Seascape genomics reveals fine‐scale patterns of dispersal for a reef fish along the ecologically divergent coast of Northwestern Australia

• Published in: Molecular ecology Vol. 26; no. 22; pp. 6206 - 6223
• Main Authors: DiBattista, Joseph D., Travers, Michael J., Moore, Glenn I., Evans, Richard D., Newman, Stephen J., Feng, Ming, Moyle, Samuel D., Gorton, Rebecca J., Saunders, Thor, Berry, Oliver
• Format: Journal Article
• Language: English
• Published: England Blackwell Publishing Ltd 01.11.2017
• Subjects: Animal Distribution; Animals; Australia; biodiversity; Canning; Cluster Analysis; Coastal waters; Coasts; Computational fluid dynamics; Computer Simulation; coral reef; Coral Reefs; DArTseq; Dispersal; Dispersion; Environmental conditions; environmental gradients; Fluid flow; Gene polymorphism; Genetic structure; Genetics, Population; Genomics; Genotype; Geography; Hydrodynamics; Kimberley; Lutjanus carponotatus; marine; Marine ecology; Marine resources; Models, Genetic; Oceans; Perciformes - genetics; Polymorphism; Polymorphism, Single Nucleotide; Population Dynamics; Population genetics; Reef fish; Resource management; Shallow water; Single-nucleotide polymorphism; Taxa; Tidal currents; Tidal range; Water Movements; Australia; DArTseq; biodiversity; coral reef; Kimberley; environmental gradients; marine
• ISSN: 0962-1083; 1365-294X
• DOI: 10.1111/mec.14352

Understanding the drivers of dispersal among populations is a central topic in marine ecology and fundamental for spatially explicit management of marine resources.
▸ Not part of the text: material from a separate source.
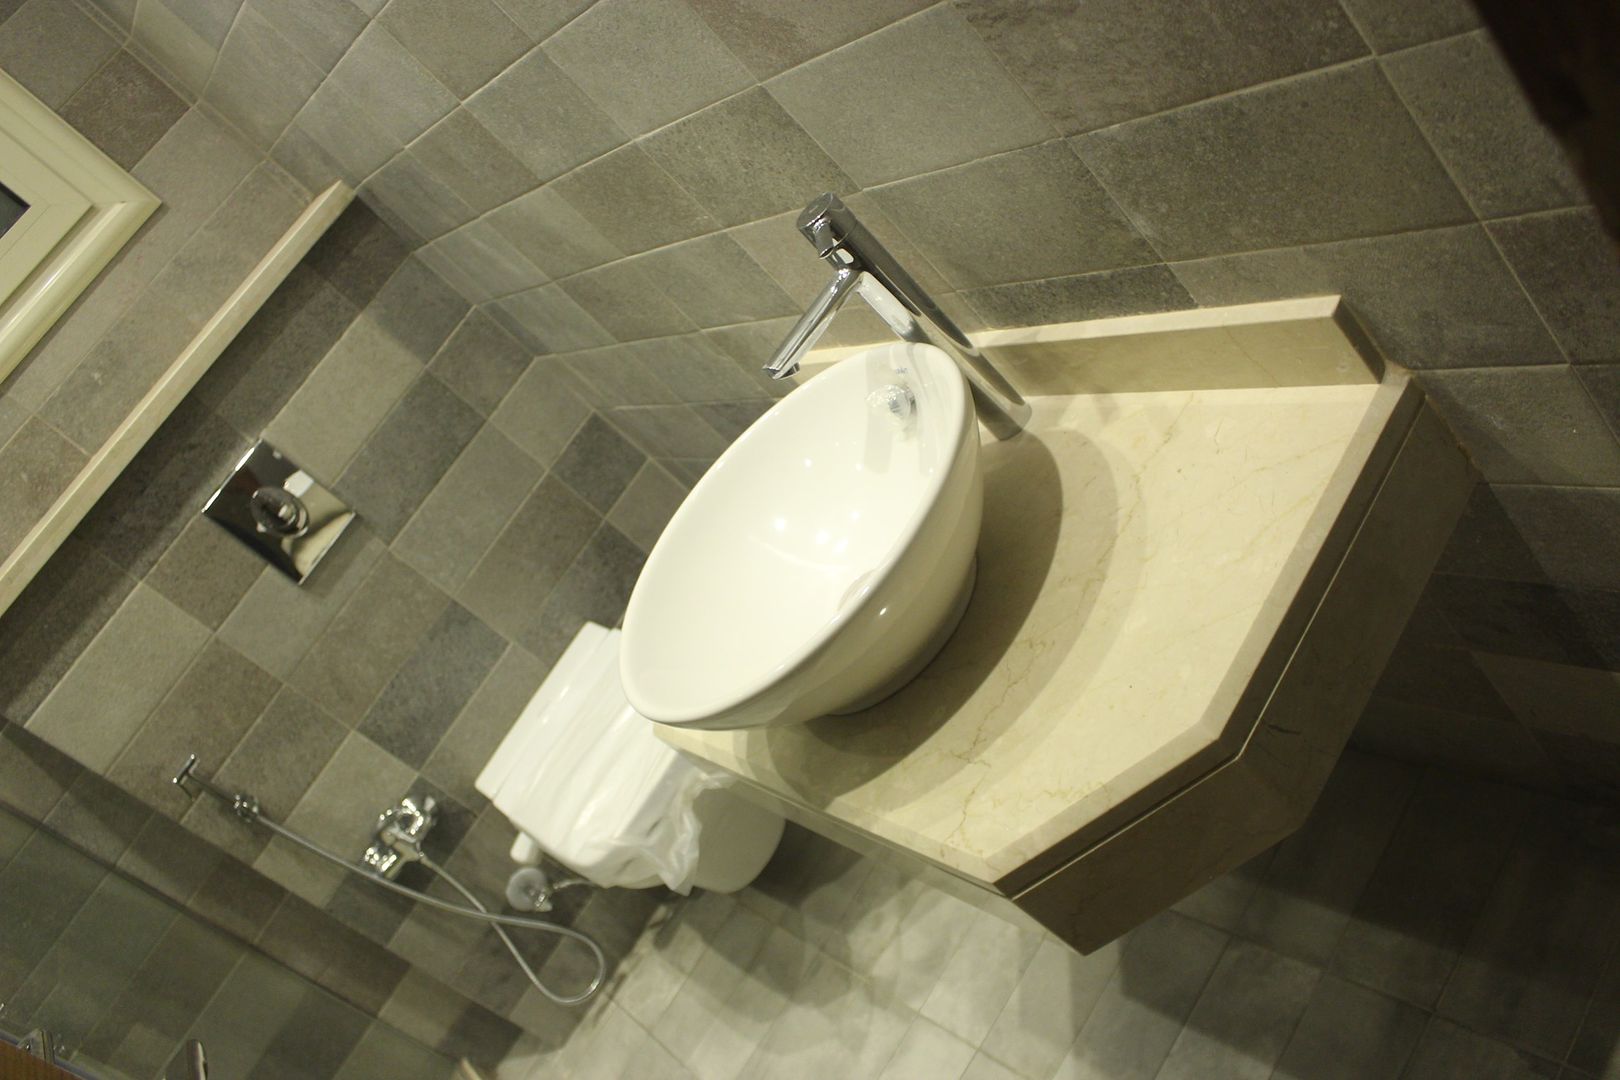 فيلا فى الرحاب, lifestyle_interiordesign lifestyle_interiordesign Modern bathroom
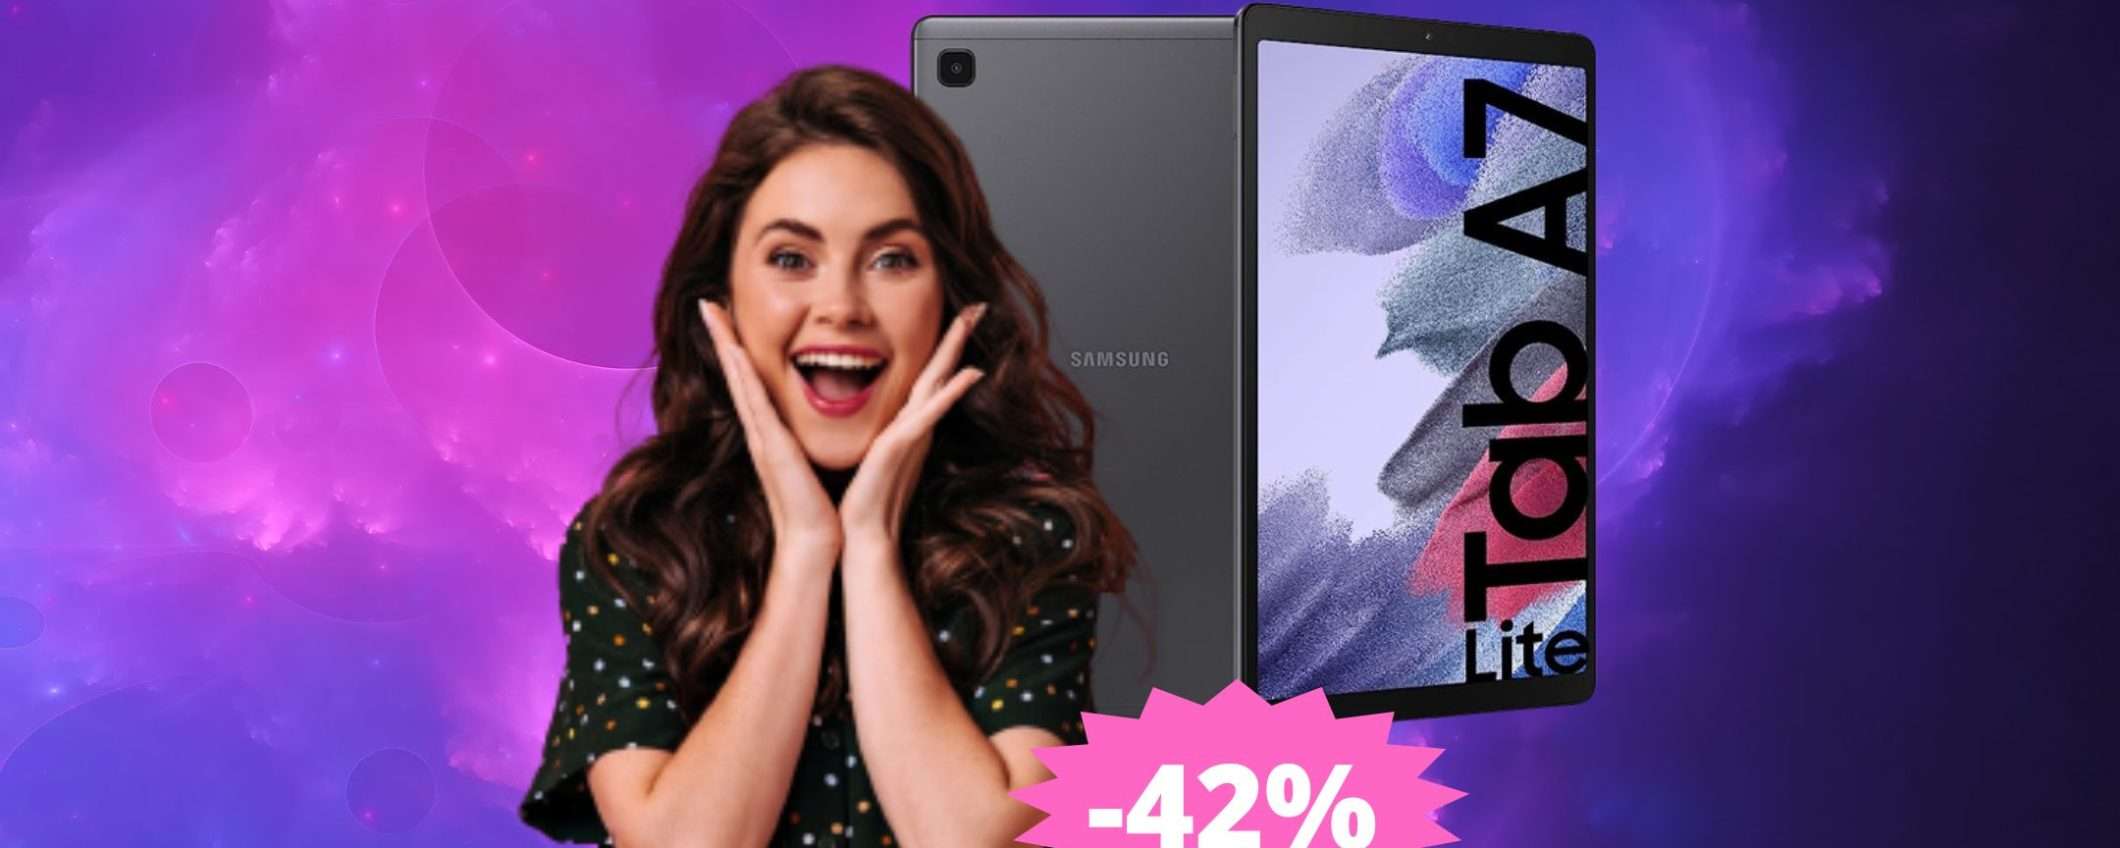 Samsung Galaxy Tab A7 Lite: prezzo FOLLE su Amazon (-42%)

The extensive coast of Northwestern Australia provides an emerging frontier for implementing new genomic tools to comparatively identify patterns of dispersal across diverse and extreme environmental conditions. Here, we focused on the stripey snapper (Lutjanus carponotatus), which is important to recreational, charter‐based and customary fishers throughout the Indo‐West Pacific. We collected 1,016 L. carponotatus samples at 51 locations in the coastal waters of Northwestern Australia ranging from the Northern Territory to Shark Bay and adopted a genotype‐by‐sequencing approach to test whether realized connectivity (via larval dispersal) was related to extreme gradients in coastal hydrodynamics. Hydrodynamic simulations using CONNIE and a more detailed treatment in the Kimberley Bioregion provided null models for comparison. Based on 4,402 polymorphic single nucleotide polymorphism loci shared across all individuals, we demonstrated significant genetic subdivision between the Shark Bay Bioregion in the south and all locations within the remaining, more northern bioregions. More importantly, we identified a zone of admixture spanning a distance of 180 km at the border of the Kimberley and Canning bioregions, including the Buccaneer Archipelago and adjacent waters, which collectively experiences the largest tropical tidal range and some of the fastest tidal currents in the world. Further testing of the generality of this admixture zone in other shallow water species across broader geographic ranges will be critical for our understanding of the population dynamics and genetic structure of marine taxa in our tropical oceans.